# Oysterbreath tour of south Florida



## oysterbreath (Jan 13, 2009)

As luck would have it, my place of employment is sending me out to a few sites over the course of the next 10 days. I will be VERY busy from 7am to 6pm most days but I will be on the prowl for a quick soaking of the ol fly rod! I WANT to catch peacock, snakehead, and maybe snook! I'll be in Pembroke Pines, Doral, Miami (33194 zip area), Florida City (33034), Big Pine, Immokalee, Ft Myers, Punta Gorda, and a few other inland spots. I'll only have a couple hours to play at each of these locations but play I will. If anyone is willing to "shout-out" a few easy to access "right off the road-fly rod accessible" spots to hit I would greatly appreciate it.
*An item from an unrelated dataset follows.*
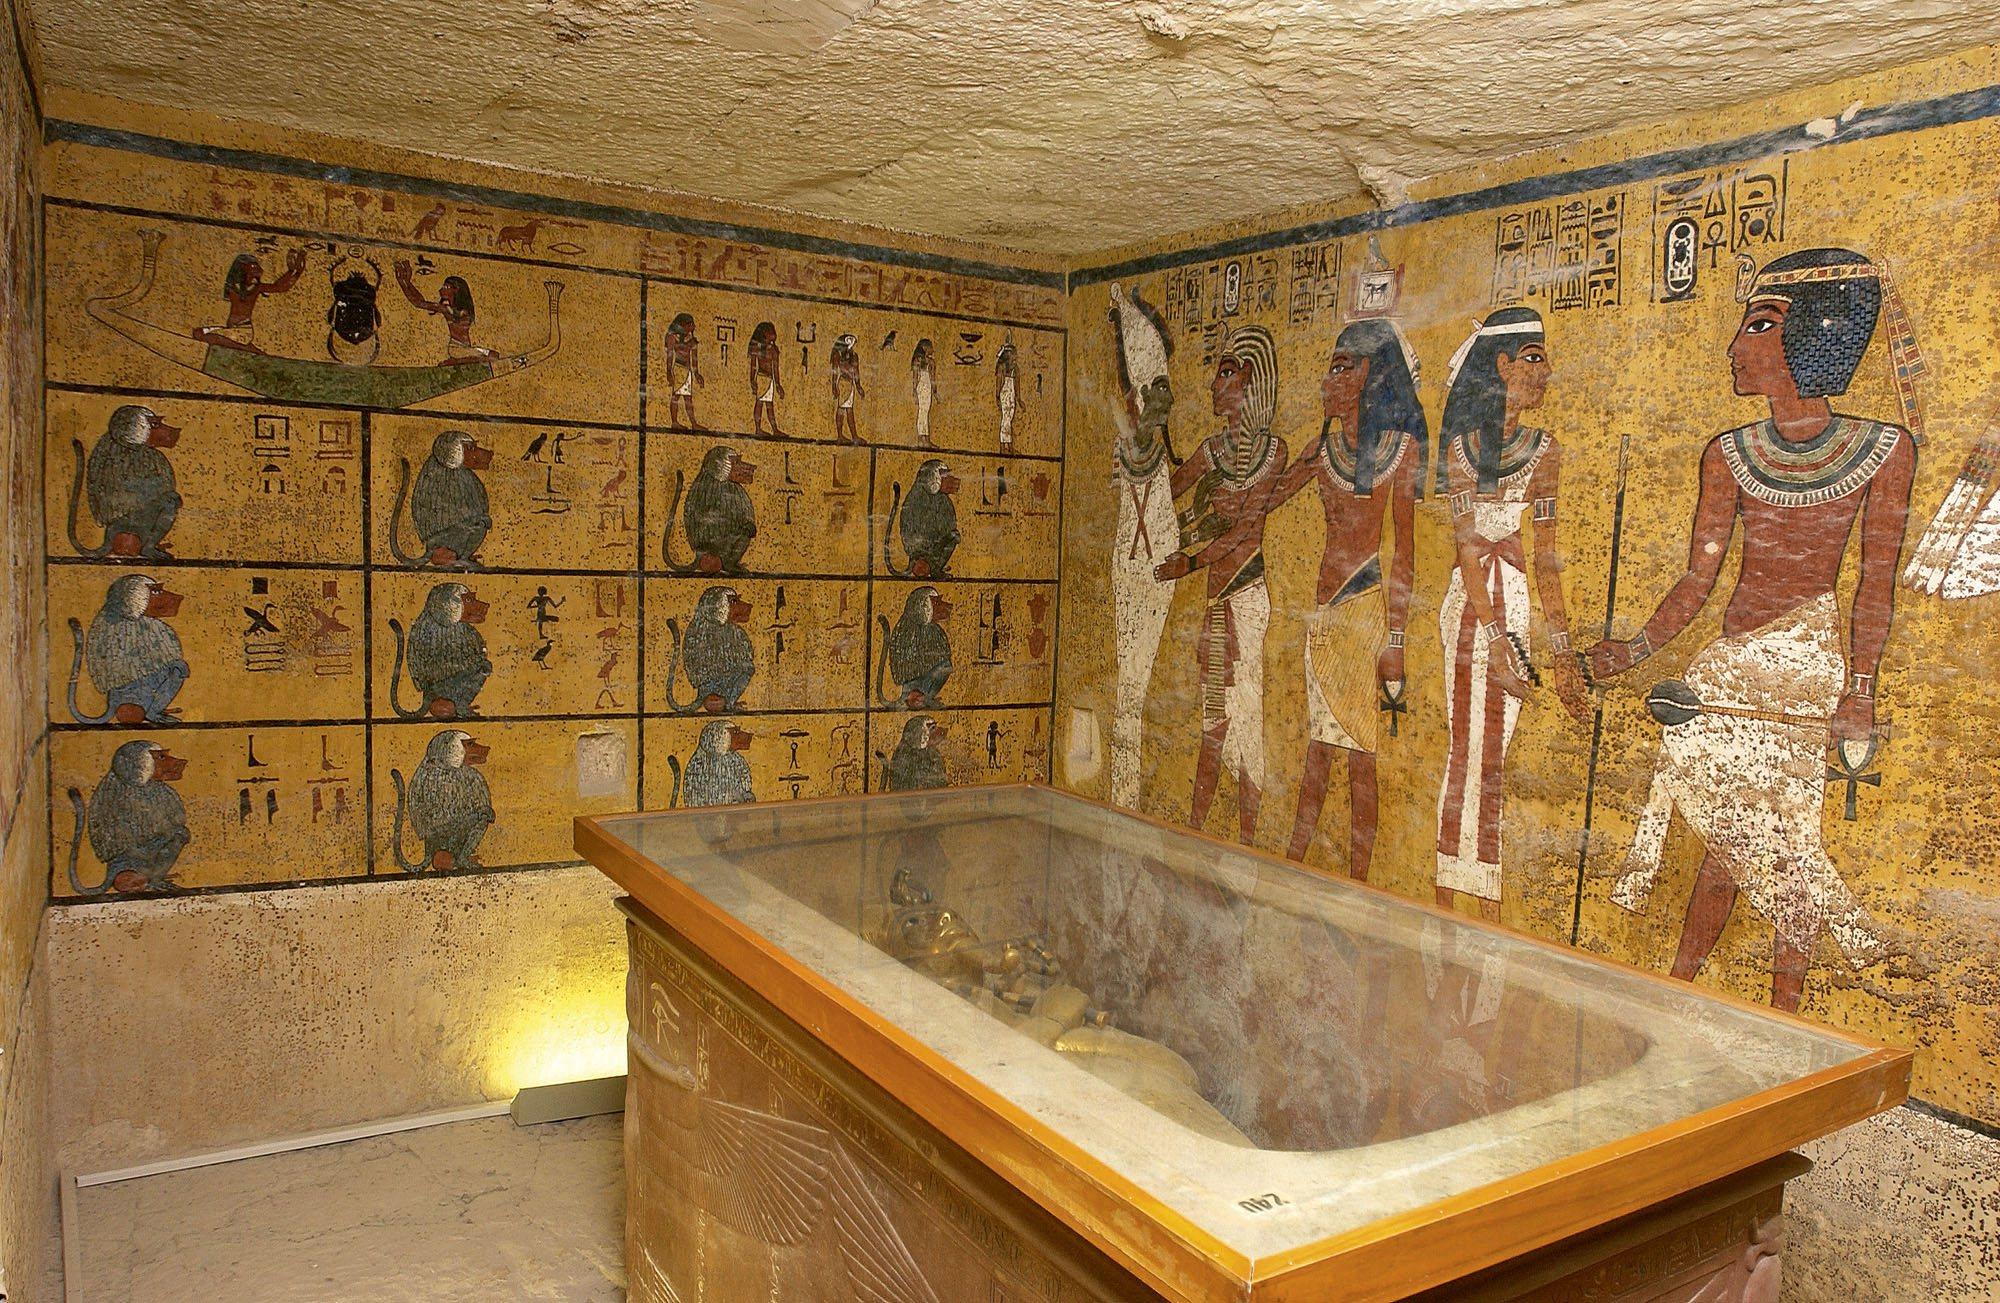 Creada una réplica de la tumba de Tutankhamón

Thanks


----------



## paint it black (Nov 3, 2007)

If you're going to be in Miami on Tuesday(tomorrow),Wednesday, or maybe even Thursday, I can probably put you on a bone on fly..... with a good possibility of a snook.

hit me up 3058041331.
I'm planning on going out to the spot myself. 
It's on foot. fishing from 6ish to sundown. 

I can also give you the scoop on some peacock bass up in the Pembroke Pines area.


----------